3) It is entirely possible to weigh 199 lbs (what I weighed when I checked in labouring with my son) one hour and be 143 the next!! Yay!!

4) It is indeed possible not to be cursed with at least one prolonged labour if one has multiple children. My longest labour was 3 hours, 10 minutes from first contraction to delivery.

5) Tim Horton's in West End Pembroke has indeed experienced a delivery in their parking lot before (despite last weeks news article posted on this very site last week) -- it WAS me. It was my shortest labour. Contraction 1 in Petawawa at 1012hrs (I'm consulting the kids' books here!!) Contraction 2 in Petawawa at 1014hrs. Father in Law's ass (husband was on SAIC/father in law was still in bed) never moved so fast in his life!!. Multiple contractions and 21 minutes later ... my daughter arrived while the father-in-law drove through that Tim Hortons parking lot because the light at the intersection was red and traffic was backed up. My neighbour had called the hospital to give them a head's up of my pending arrival and were awaiting me with a wheel chair ready to "we'll get you up to a labour room right quick." To which I responded "no, need" ... and casually lifted up my housecoat to reveal tiny little daughter sitting in my lap. Father in law ... went to clean car --- I was home by 1400hrs. 

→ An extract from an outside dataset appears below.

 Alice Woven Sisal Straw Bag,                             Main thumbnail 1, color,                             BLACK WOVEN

6) No stitches for me either with that delivery above in #5!! How awesome is that?? Leading me to myth 6 busted: Obviously ... someone likes me!!

So, anyone with some actual horror labour stories to tell?? I haven't got any.


----------



## armyvern (8 Apr 2008)

Oh and just to clarify --

the sharks with frickin' laserbeams already have threads!! Multiple threads!!

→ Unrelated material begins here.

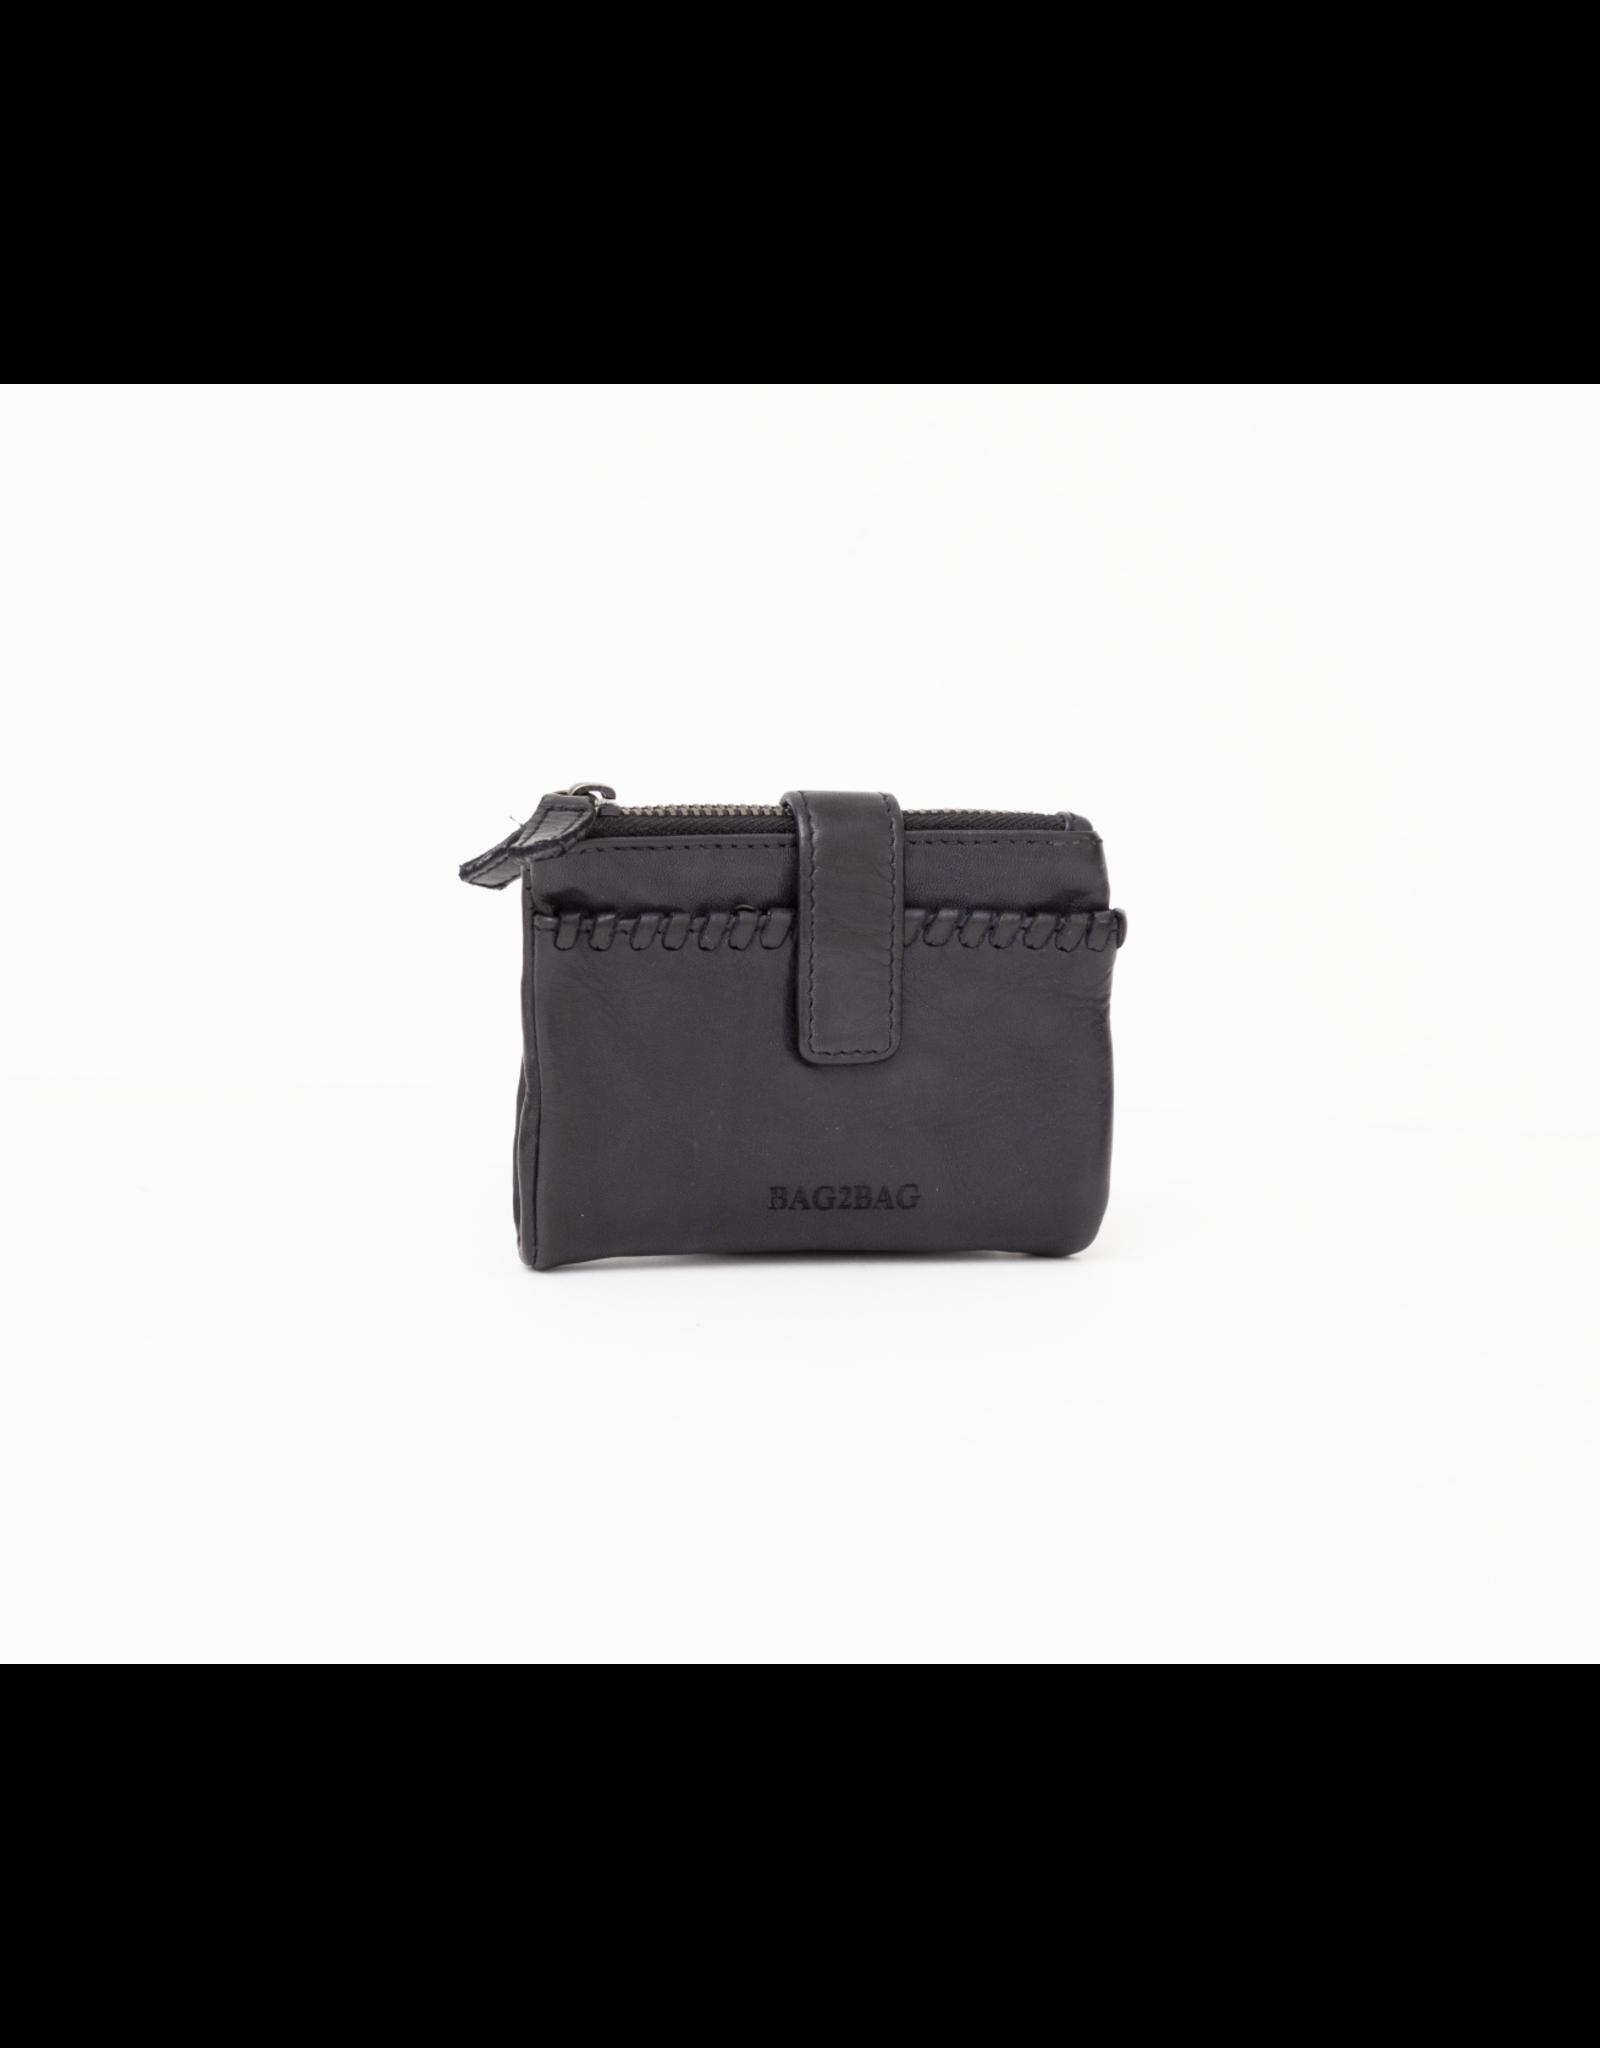 Bag2Bag Bag2bag Lioni Black

http://forums.army.ca/forums/threads/68760/post-646437.html#msg646437

http://forums.army.ca/forums/threads/69241/post-655063.html#msg655063

Although Journeyman believes that they are more appropriate for flying!!

http://forums.army.ca/forums/threads/67777/post-636366.html#msg636366

And, dapaterson thinks they are appropriate for some sort of National Defence system:

http://forums.army.ca/forums/threads/59140/post-550894.html#msg550894

And then ... the penultimate thread on sharks with laser beams ... is one in radio chatter!! Go figure.  

2012


----------



## Yrys (8 Apr 2008)

1) There was a woman on francophone television a few months ago. She made the headline because the doctor that
receive her in the emergency room, when she presented herself, not knowing why she was in pain, announce to her 
that "she was pregnant and in labour", an evenement that she had no clue. It was a plump woman, so nobody noticed
any weight gain. She told the journalist that she was on the pill, had her menstruation the whole time, and the baby hadn't 
kicked while inside, so she had no clue, and neither her entourage...

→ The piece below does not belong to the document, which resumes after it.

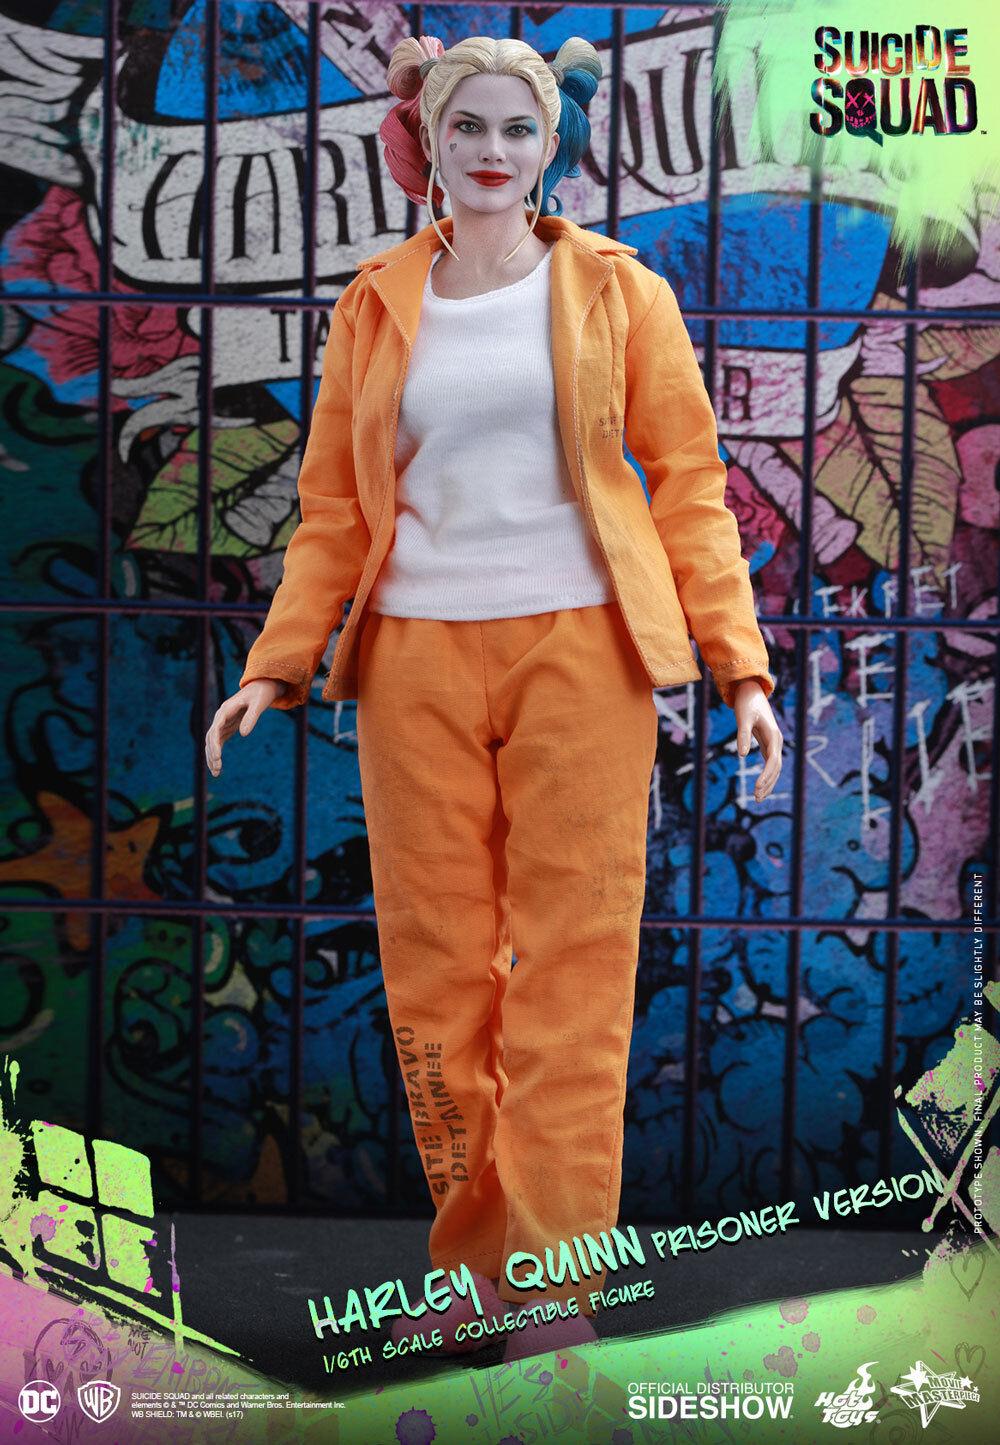 Suicide Squad 12 Inch Figure MMS - Harley Quinn Prisoner Version Hot Toys 902949

Doesn't one of the perk of being pregnant is " no menstruation for 9 month" ? Did you feel cheat by nature ? Did you have the same cramps ?

3) Was your baby that HEAVY ? Just kidding. The placenta is also heavy. Do you know what happen to yours ?

4) Usually the first one is the most difficult, from what women tell. So if the first one is a fast one, whatch out for the others one ...

5) Chuckles. I wish you had a pic of your father-in-law . I went shopping once with a pregnant friend and a male friend. The woman was 5 month pregnant
or so, and the man lost his mind when she said that she felt the baby kick  ;D ! 


"Vues :   	 738"

Mod : a few spell errors and " vues : 744"


----------



## Celticgirl (8 Apr 2008)

My labour and delivery was relatively fast and easy, too, Vern, but not quite as quick as yours! (And I didn't lose 50 lbs immediately after the birth, either!  :-[) I stayed in the hospital for the 48 hours recommended by my doctor, but I didn't really want or need to be there. She told me I could stay longer and I was like, "NO THANK YOU!"  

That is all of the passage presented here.